The rest of this documentation will serve to help you understand the purpose of each file and give you a high level understanding of virtual memory. The implementation details of each function are documented in the header and source files. It is your responsibility to read every line of code before starting this assignment, since you will not be able to do anything meaningful otherwise.

Page Tables (page_table.c and page_table.h)

Each process has two levels of paging:

The top level page table is known as a "page directory" and has entries (page directory entries) that hold the base address of page tables (beginning of a page table). Each of these page tables hold entries (page table entries) that hold the base address of an actual frame in physical memory, which you will be reading from and writing to. There are other metadata bits in both the page directory and page table entries that is explained in detail in page_table.h. The actual layout is taken directly from a real 32 bit processor and operating system, which you can read more about in the "IA-32 Intel® Architecture Software Developer’s Manual".

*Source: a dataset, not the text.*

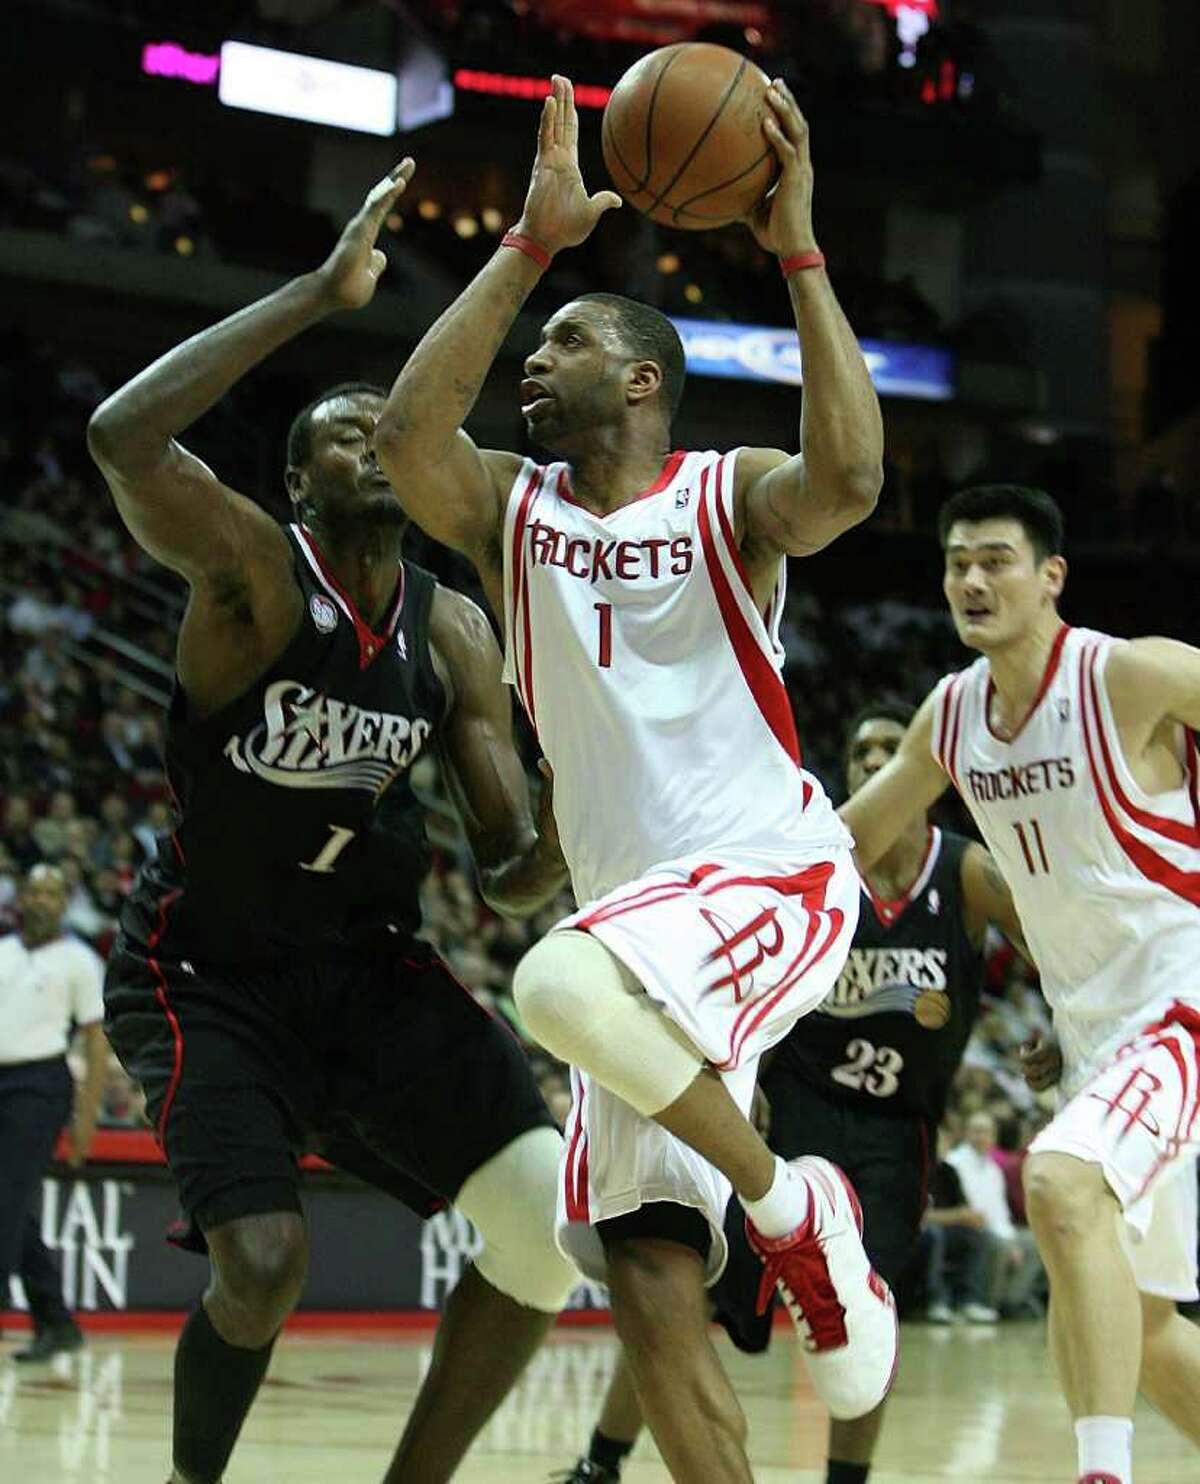 (l-r) Philadelphia 76ers (1) Samuel Dalembert attempts to defend Houston Rockets forward (1) Tracy McGrady as he drives to the basket during the first half of the Houston Rockets match up with the Philadelphia 76ers at the Toyota Center Wednesday, Jan. 28, 2009, in Houston. (Billy Smith II / Chronicle )

For illustrative purposes a Page Table Entry looks like the following:

Page Table Entry

Each entry is represented as a struct with bit fields whose syntax you can learn about in a tutorial. The bit fields basically allows us to squeeze multiple flags into a single 32 bit integer. This means that each entry has not only the physical address to the lower level paging structure, but also metadata bits/flags which are documented in the header file. However for the purpose of this lab you are only responsible for knowing how the following fields works:

  • Page base address, bits 12 through 32
  • Present (P) flag, bit 0
  • Read/write (R/W) flag, bit 1
  • User/supervisor (U/S) flag, bit 2
  • Accessed (A) flag, bit 5
  • Dirty (D) flag, bit 6

More detailed information about the function of each permission bit is described page_table.h. Here are some helpful guidelines for correctly setting the bits:

  • Once a page_directory_entry is created, it will remain in physical memory and will not be swapped to disk.
  • Each segmentation has a permissions field, and there is a permissions struct in segments.h. If permissions & WRITE is not 0, then it has write permission. Same is true for READ and EXEC.
  • page_directory_entry's should always have read and write permission
  • For the purposes of this lab, all page_table_entrys and page_directory_entrys will have the user_supervisor flag set to 1
  • You only need to keep track of Accessed and Dirty flags for each page_table_entry, based on any reading or writing that has occurred to the base_addr stored by the page_table_entry.

Translation Lookaside Buffer (tlb.c and tlb.h)

The Translation Lookaside Buffer will cache the base virtual address to the corresponding page table entry pointer. The implementation and header is provided to you. Make note of the use of double pointers.

The reason why our TLB caches page table entry pointers instead of physical addresses of frames is because you will need to set metadata bits when translating addresses.

Segments (segments.c and segments.h)

A process's virtual address space is divided into several segments. You are familiar with many of these:

  • Stack
  • Heap
  • BSS
  • Data
  • Code

For this lab, a processes' address space is split into memory segments like so:

Virtual Address Space Layout

Photo Cred: http://duartes.org/gustavo/blog/post/anatomy-of-a-program-in-memory/

Notice how some of the memory segments like the stack and mmap have an arrow pointing down. This indicates that these regions "grow down" by decreasing their end boundary's virtual address as you add elements to them. This is so that the stack and heap can share the same address space, but grow in different directions. It is now easy to see that if you put too many elements onto the stack it will eventually run into heap memory leading to the classic Stack Overflow.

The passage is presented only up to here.